Sustainability is emerging as a core differentiator in the semiconductor materials market as OEMs and foundries commit to aggressive ESG and net-zero roadmaps. This transition is stimulating demand for bio-based epoxy resins and low-carbon polymer systems for mold compounds, substrates, and encapsulation materials.
Bio-derived epoxy systems made from vegetable oils and cashew nutshell liquid (CNSL) are gaining traction as low-carbon alternatives to fossil-derived resins. Advanced versions incorporate bio-based epichlorohydrin, enabling up to 100% renewable carbon content, a key metric for mandatory carbon reporting in the EU and other regions.
Mechanical performance is approaching commercial viability: bio-epoxy composites reinforced with short oil palm fibers have demonstrated a flexural modulus of 5.2 GPa and Young’s modulus of 5.76 GPa, confirming the potential of sustainable mold compounds for non-critical packaging applications with pathways toward broader adoption.
Global regulatory pressures are accelerating adoption. For example, EU carbon footprint reporting obligations and restrictions on substances of very high concern (SVHCs), including BPA-derived materials, are pushing packaging suppliers toward bio-based resins, greener catalysts, and low-toxicity fillers.
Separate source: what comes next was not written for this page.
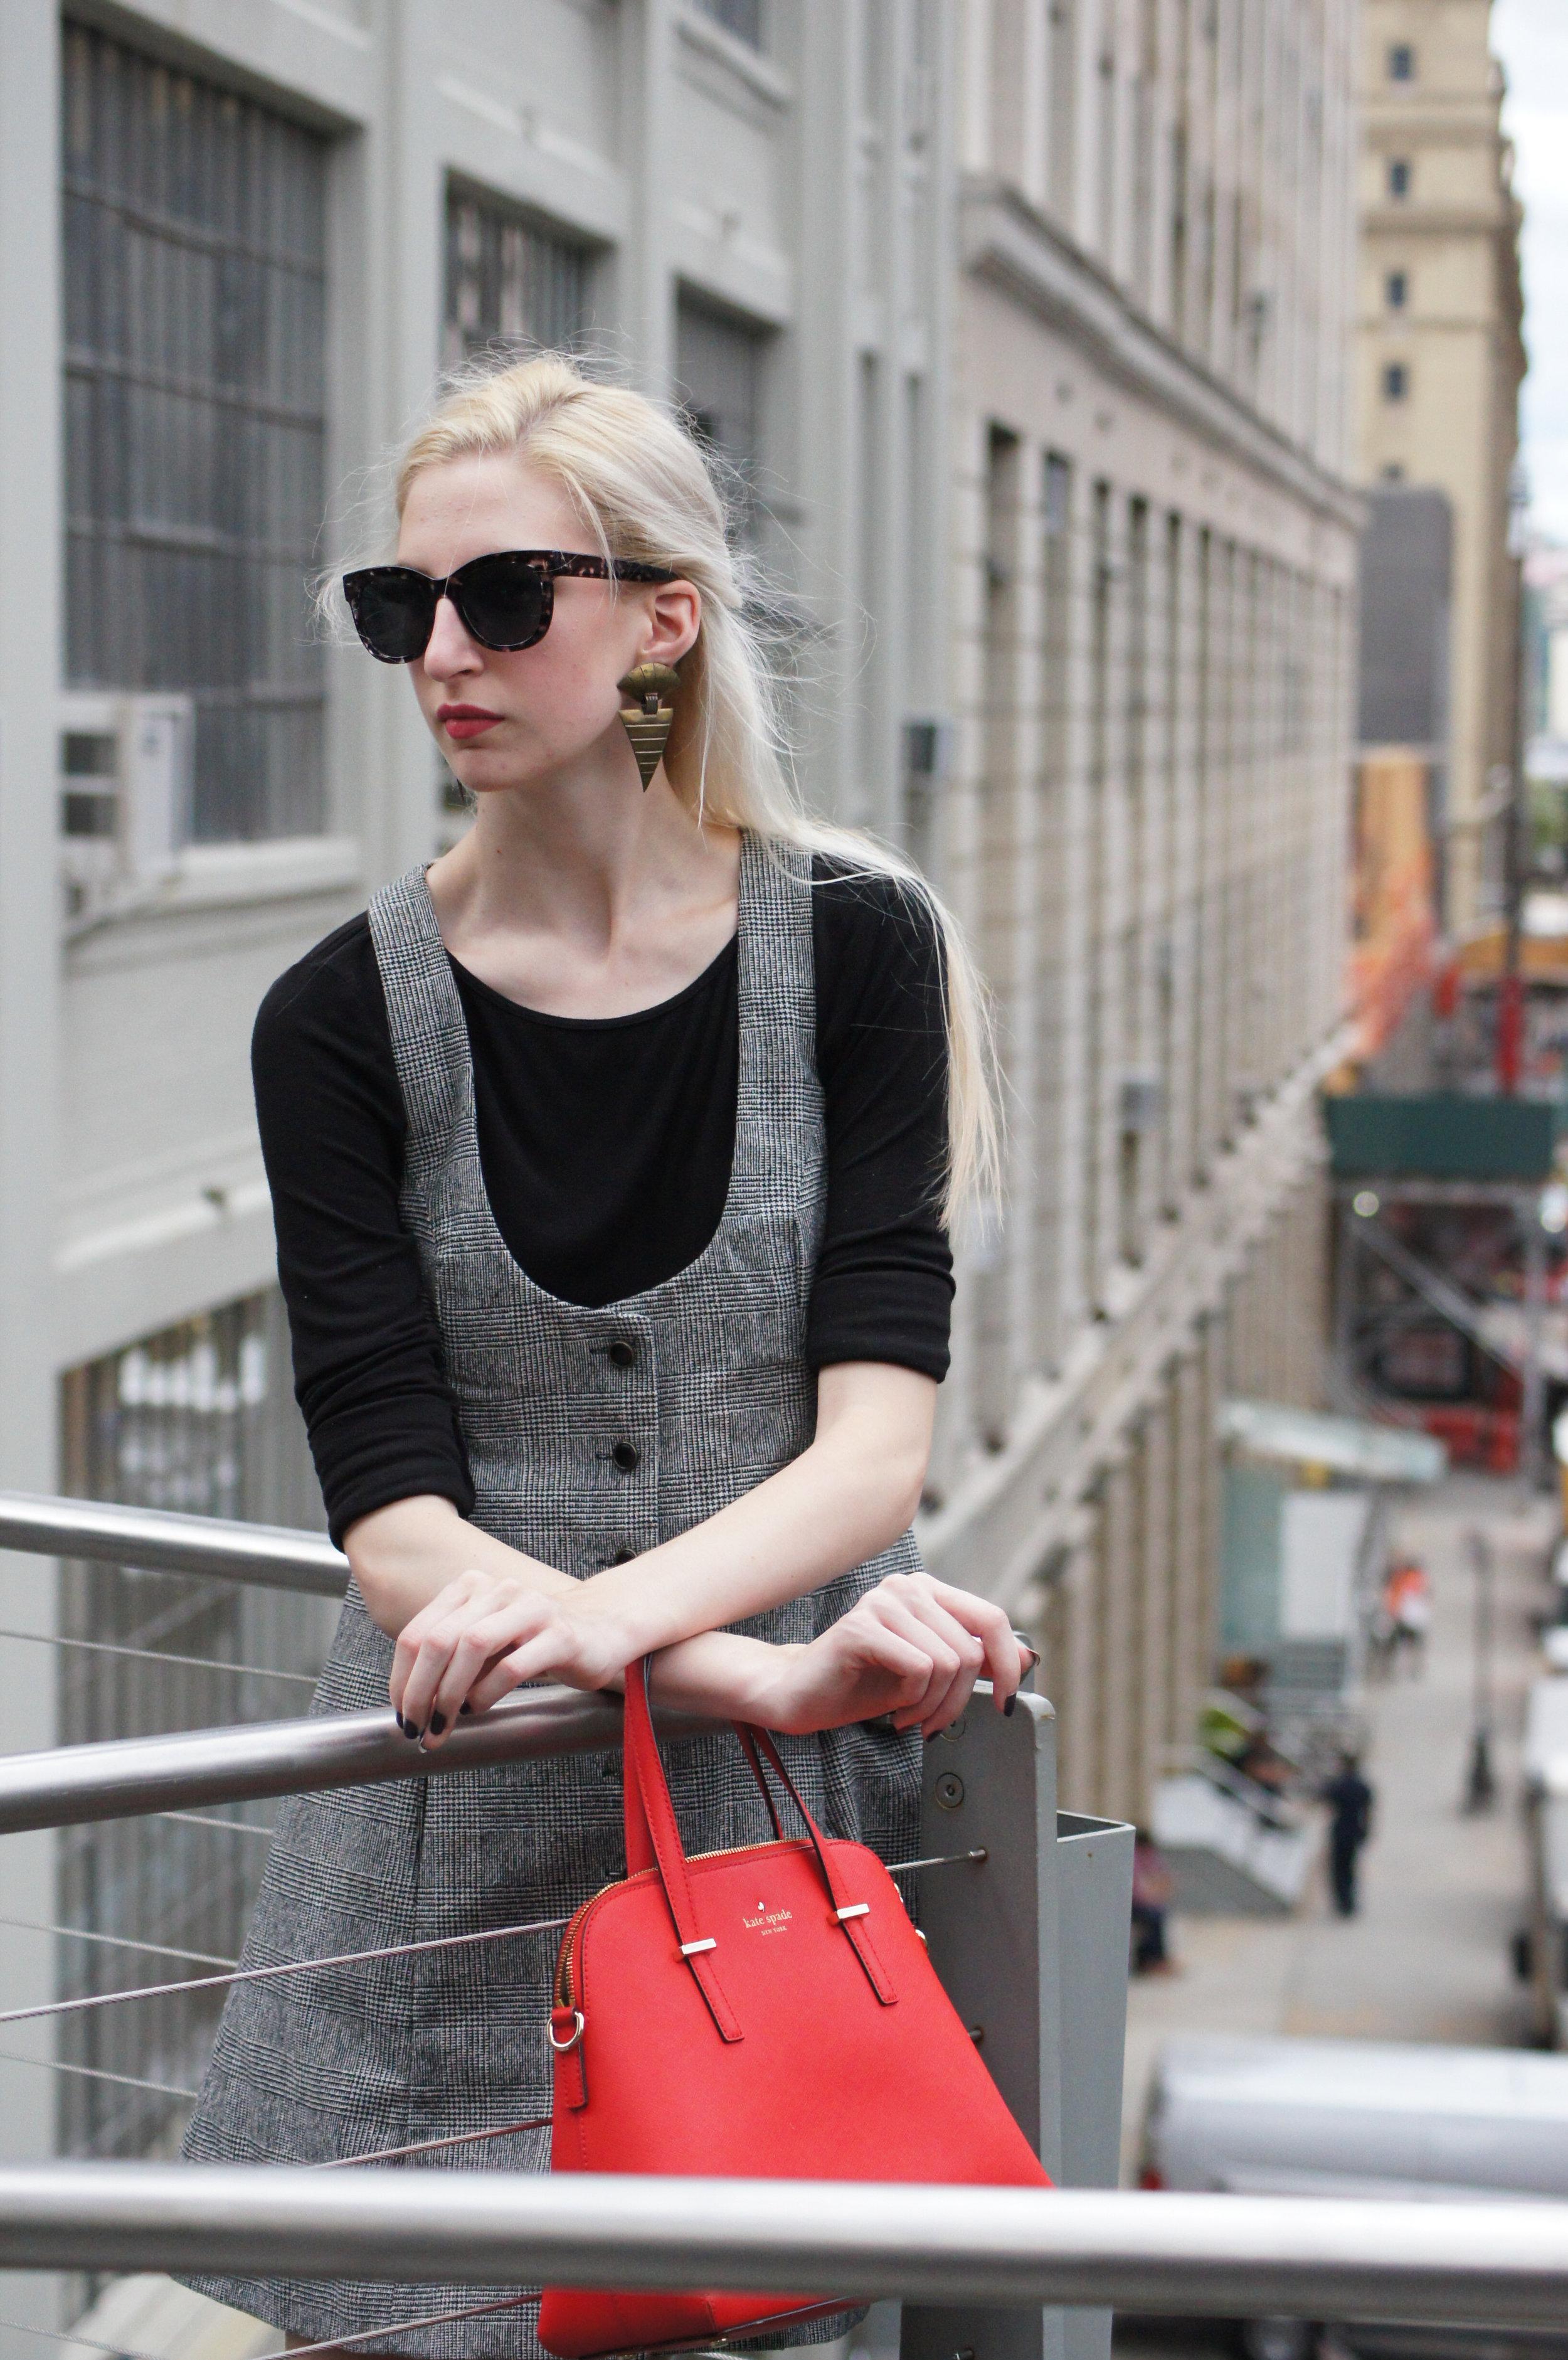 vintage tibi tweed apron dress, loft black longsleeve, Next black heeled ankle boots, kate spade cedar street maise, vintage earrings, loft audrey hepburn sunglasses - Highline Park New York City

Advanced Packaging (AP) technologies lead the Semiconductor and IC Packaging Materials Market with a commanding 55% share, driven by their essential role in overcoming the physical and performance limitations of traditional wire-bond and flip-chip approaches. As semiconductor architectures evolve toward higher bandwidth, lower latency, and greater functional density, AP has become the only commercially viable pathway to meet next-generation requirements. Technologies such as 2.5D/3D integration, Fan-Out Wafer-Level Packaging (FOWLP), hybrid bonding, and Through-Silicon Vias (TSVs) enable interconnect pitches to shrink from the ~100 μm range of conventional packaging to as low as 1–10 μm, resulting in exponential improvements in I/O density and data movement capability. This dramatic enhancement is foundational for stacking logic and memory close together, directly addressing the long-standing “Memory Wall” challenge by reducing signal distances from centimeters to millimeters and increasing bandwidth by 10x or more, especially in HBM-enabled architectures.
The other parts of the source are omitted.